Ask and Ye Shall Receive

(Journal #1: January 8, 2005) Post #4

Praise God!  What a difference a day makes! So much You have done in 48 hours!  Two days ago, I got on my knees in my closet and cried out to You to show me what to do, and did You ever!  On Thursday after I prayed, I was just doing some work around the house. You brought to my remembrance a doctor I’d seen once on Life Today with James Robison. He did body scans at a price to make it affordable for people if insurance didn’t cover. I remembered how impressed I was with him and I had written down his name on a sticky note and put it inside my Daytimer. Well, that note was still there. I did a little research and found that Dr. Duncan had been on Life Today almost two years to the day. I called the office just to get some information.  A man answered the phone and I explained that I had seen Dr. Duncan on TV and wanted to get information.  He identified himself as Dr. Duncan!  His assistant had stepped away from her desk and he was walking by when the phone rang and he “just happened to answer.”  I described what had been going on and he got me right in to his office yesterday!  I had a body scan done. There is no calcium in my arteries at all, but he is recommending me to a cardiologist just to be wise.  He did say they always have a radiologist read the scan results to make sure nothing was missed on the initial review.

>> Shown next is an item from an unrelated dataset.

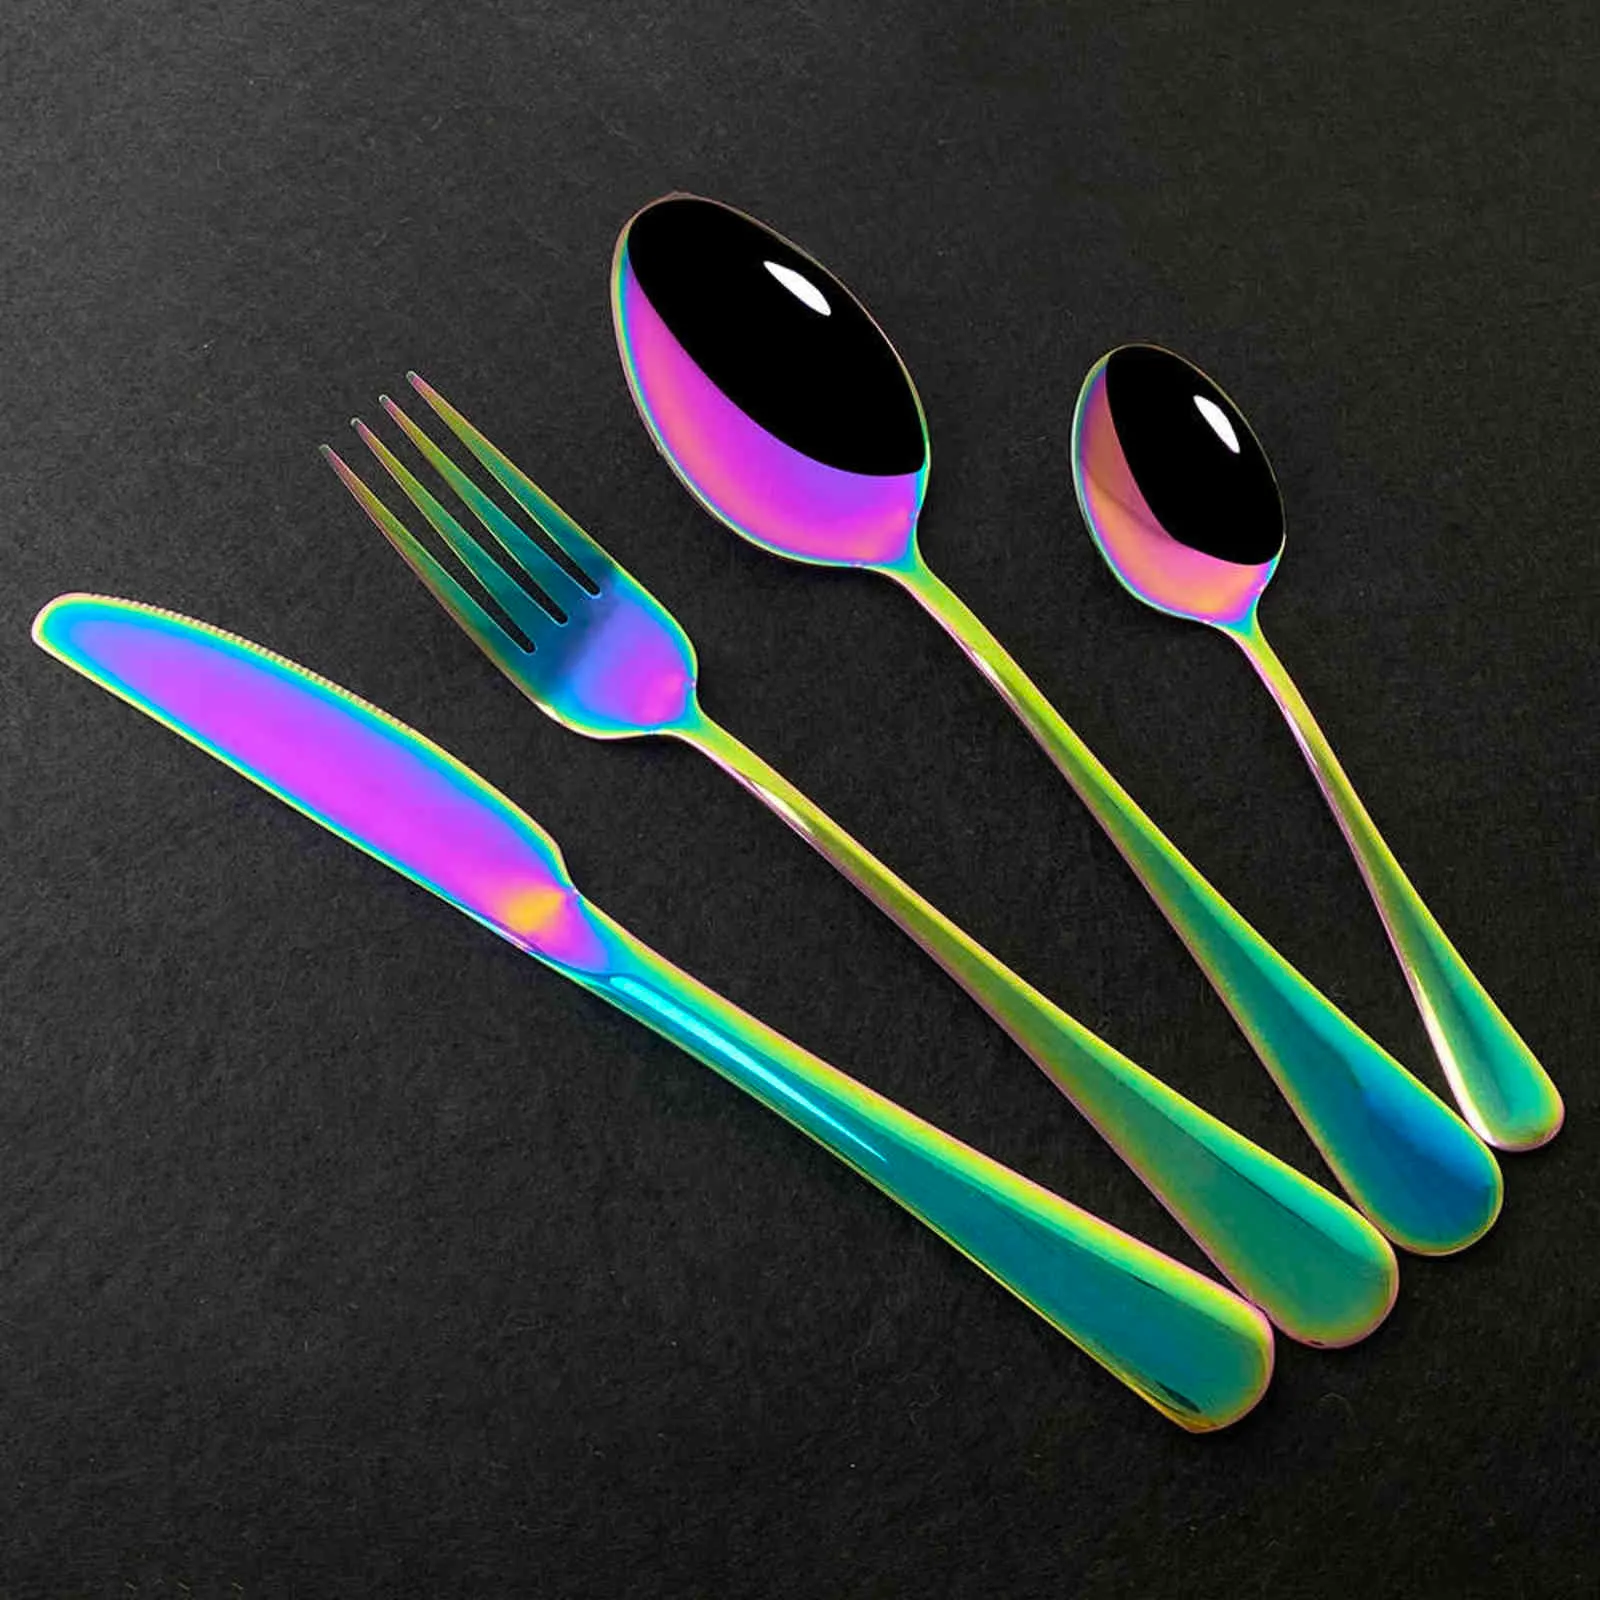 Black Mirror Dinnerware Set Stainless Steel Cutlery Fork Knife Spoon Tableware Flatware Silverware Gift Box 211112

When I opened my bible this morning my eyes first fell on Daniel 10:12-14: “…Do not be afraid, Daniel.  Since the first day that you set your mind to gain understanding and to humble yourself before your God, your words were heard, and I have come in response to them.  But the prince of the Persian kingdom resisted me twenty-one days…” This shows me how important it is to believe you receive when you pray. But we also have to first set our minds to gain understanding and to humble ourselves. Satan fought for twenty-one days to prevent the angel from appearing.  We may not see immediate results, but that doesn’t mean You did not answer our prayers.  It’s during this “delay” where so many of us give in to doubt, fear, and unbelief.  

Mark 9:24  …”I do believe; help me overcome my unbelief!”

Mark 11:24 “Therefore I tell you, whatever you ask for in prayer, believe that you have received it, and it will be yours.